Among the effects of individual and family characteristics on grades, which variables’ effects vary between school characteristics? For the variables that vary, which school characteristic influences this difference?

$Individual \space level$

\[score_{ij} = \beta_{0j} + \beta_{1j} cohort90_{ij} + \beta_{2j} female_{ij} + \beta_{3j} sclass_{ij} + e_{ij}\]

$School \space level$

\[\beta_{0j}=\gamma_{00} + \gamma_{01}schoolType_{j} + \gamma_{02}schoolDemon_{j} + \gamma_{03}schoolurban_{j} + u_{0j} \\ \beta_{1j}=\gamma_{10} + \gamma_{11}schoolType_{j} + \gamma_{12}schoolDemon_{j} + \gamma_{13}schoolurban_{j} + u_{1j} \\ \beta_{2j}=\gamma_{20} + \gamma_{21}schoolType_{j} + \gamma_{22}schoolDemon_{j} + \gamma_{23}schoolurban_{j} + u_{2j} \\ \beta_{3j}=\gamma_{30} + \gamma_{31}schoolType_{j} + \gamma_{32}schoolDemon_{j} + \gamma_{33}schoolurban_{j} + u_{3j}\] \[score_{ij} =\gamma_{00} + \gamma_{01}schoolType_{j} + \gamma_{02}schoolDemon_{j} + \gamma_{03}schoolurban_{j} + u_{0j} + (\gamma_{10} + \gamma_{11}schoolType_{j} + \gamma_{12}schoolDemon_{j} + \gamma_{13}schoolurban_{j} + u_{1j}) cohort90_{ij} + (\gamma_{20} + \gamma_{21}schoolType_{j} + \gamma_{22}schoolDemon_{j} + \gamma_{23}schoolurban_{j} + u_{2j}) female_{ij} + (\gamma_{30} + \gamma_{31}schoolType_{j} + \gamma_{32}schoolDemon_{j} + \gamma_{33}schoolurban_{j} + u_{3j}) sclass_{ij} + e_{ij}\]

Family background (whether a student comes from a managerial or professional class family, and whether a student belongs to an unclassified class), generation, and school type have significant interactions.

  • $model4$
  • Interaction between sclass and schType shows that overall, students from managerial and professional class backgrounds perform better than those from middle classes, who in turn perform better than unclassified students. However, the benefit of being in a private school over a state-funded school is greatest for unclassified students, less so for middle-class students, and least for managerial and professional class students.

  • Interaction between cohort90 and schType shows that overall, private schools perform better than state-funded schools across all generations, but the advantage of private schools diminishes with newer generations.

Summary

See table 1 for a comprehensive model summary.

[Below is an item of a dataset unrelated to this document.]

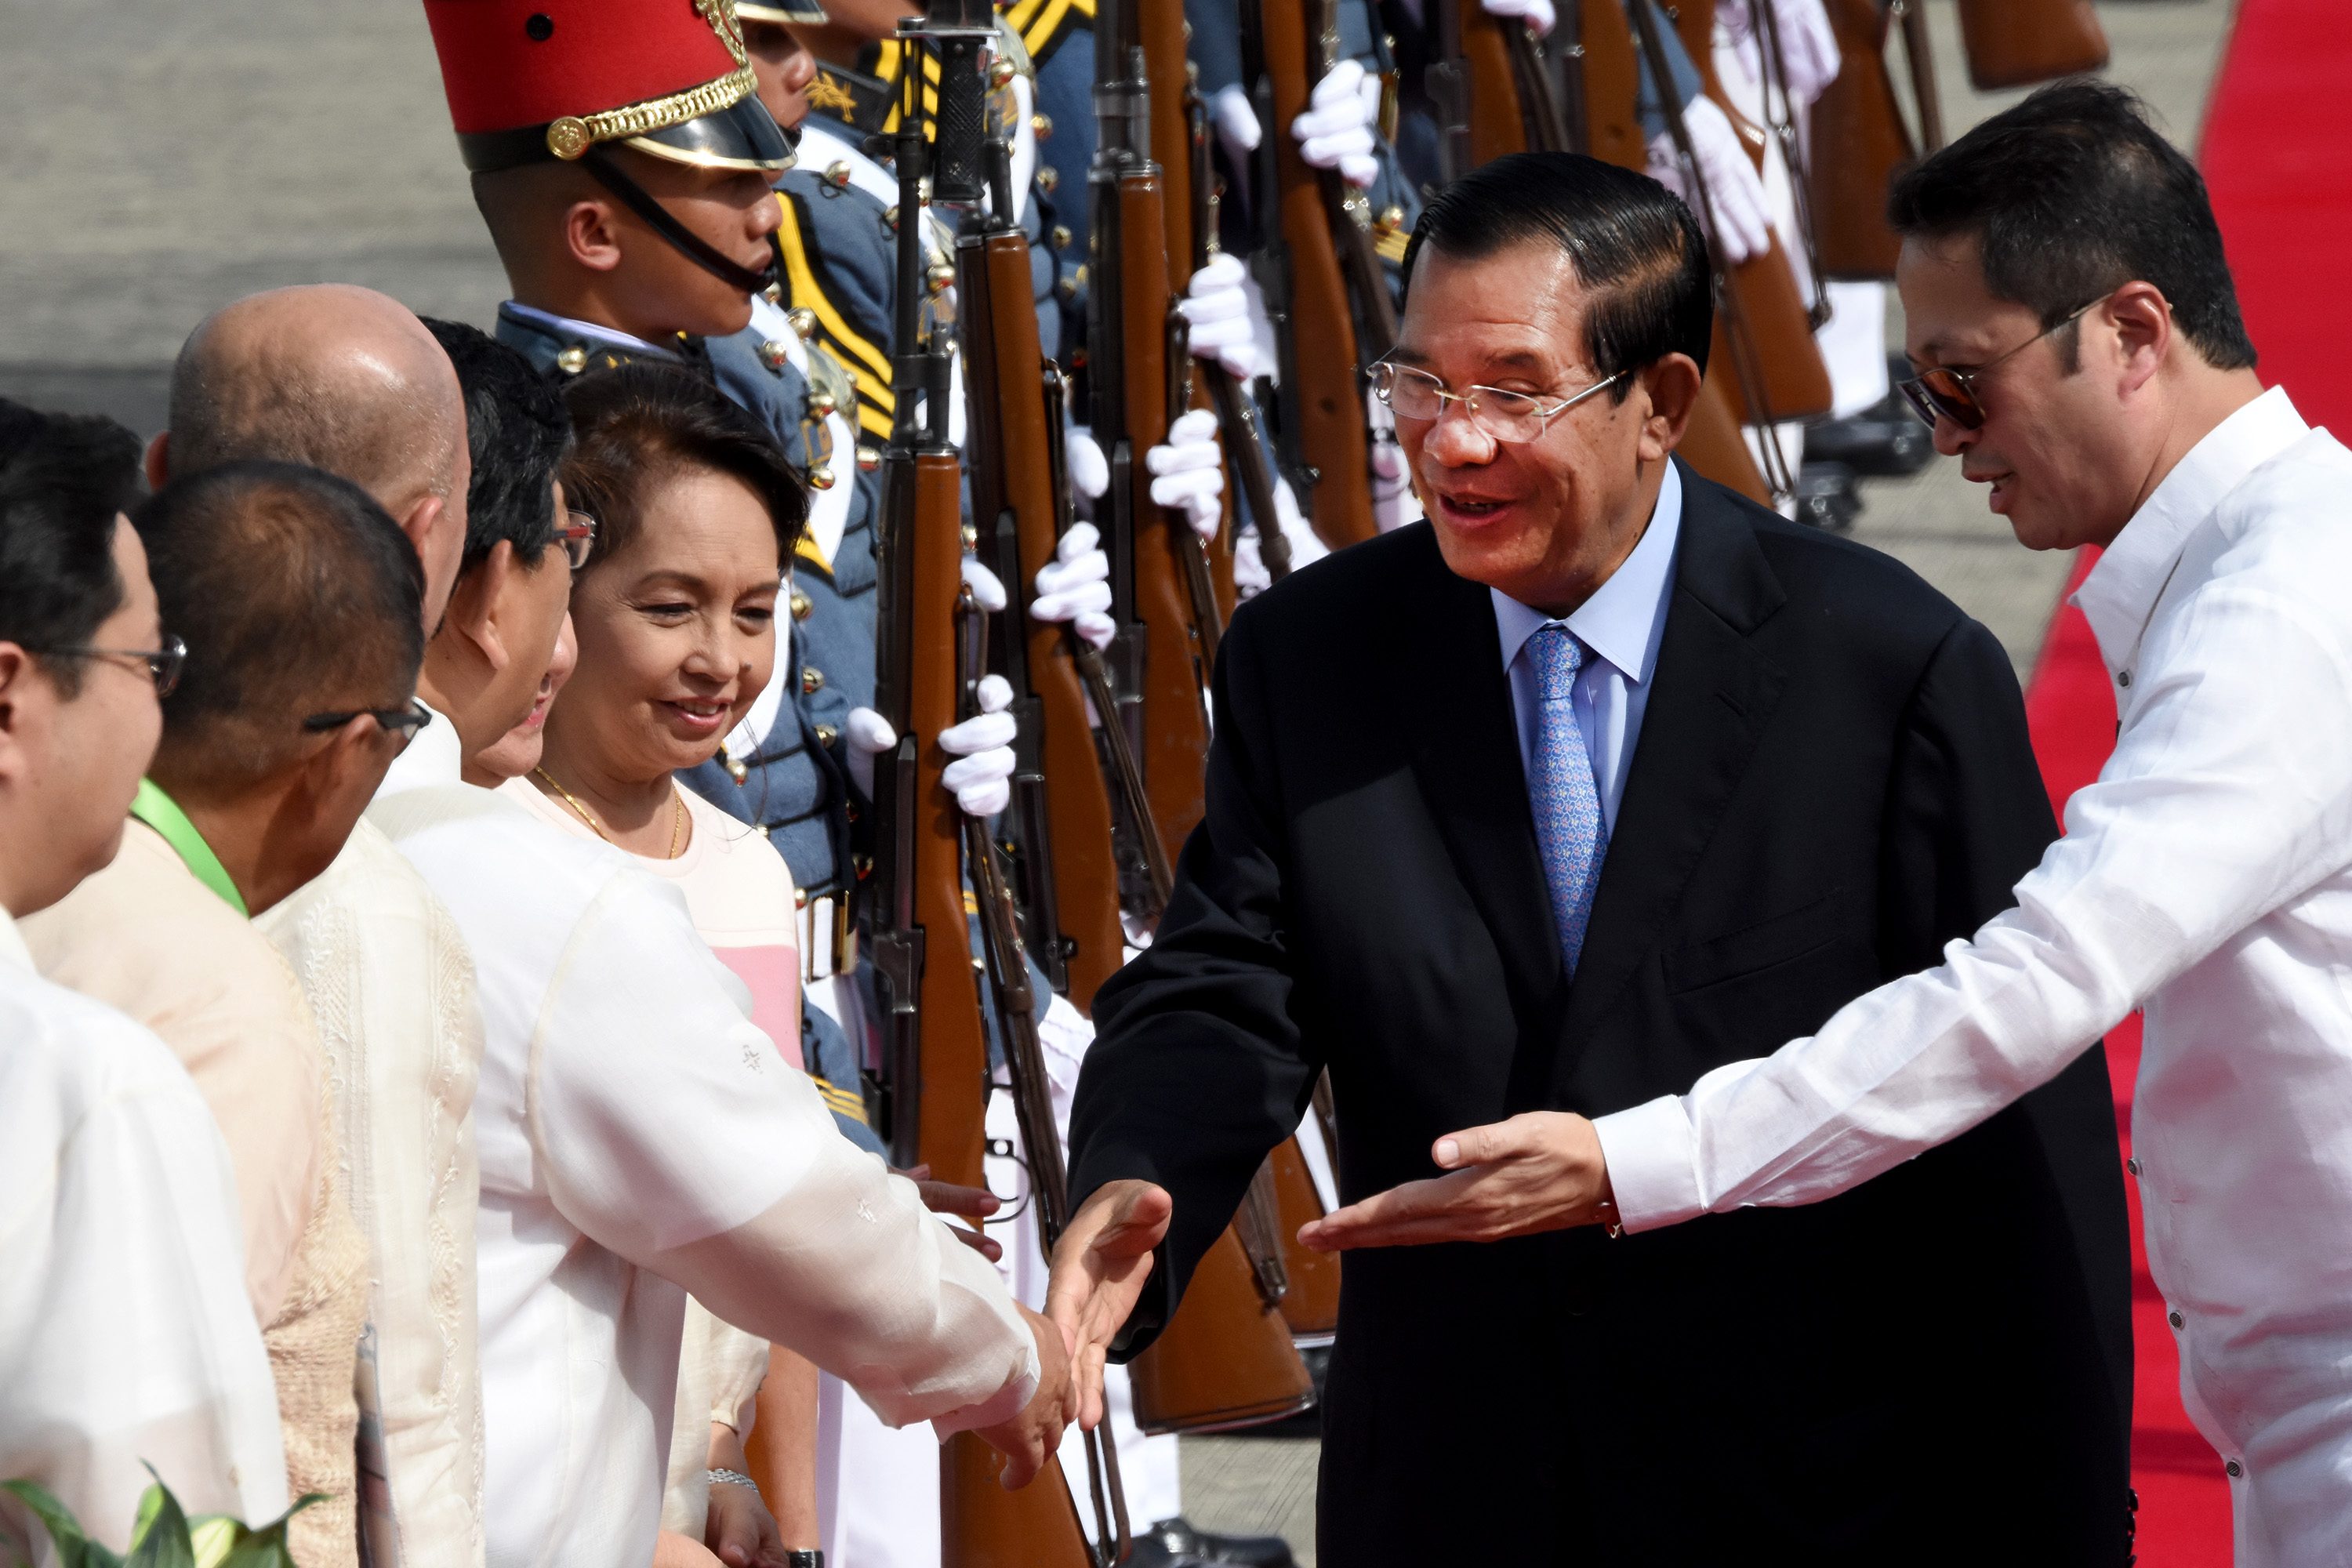 LIVELY WELCOME. Cambodian Prime Minister Hun Sen is welcomed to the Philippines by Defense Secretary Delfin Lorenzana and former president Gloria Macapagal Arroyo on November 11, 2017. Photo by Angie de Silva/Rappler

Among school-level factors, school type, particularly private schools, have a significant positive impact on student scores, while urban locations have a significant negative impact compared to rural or town settings.

On an individual level, females and newer generations perform better. Moreover, the advantage of private schools over state-funded schools diminishes with each new generation.

Furthermore, students from managerial and professional class families perform better than those from middle classes. Students from labor class and unclassified backgrounds perform worse than those from middle classes, especially those from unclassified backgrounds, for whom the negative impact of socio-economic background is greater. However, it is these unclassified students who benefit the most from school type, followed by middle-class students, with managerial and professional class students benefiting the least.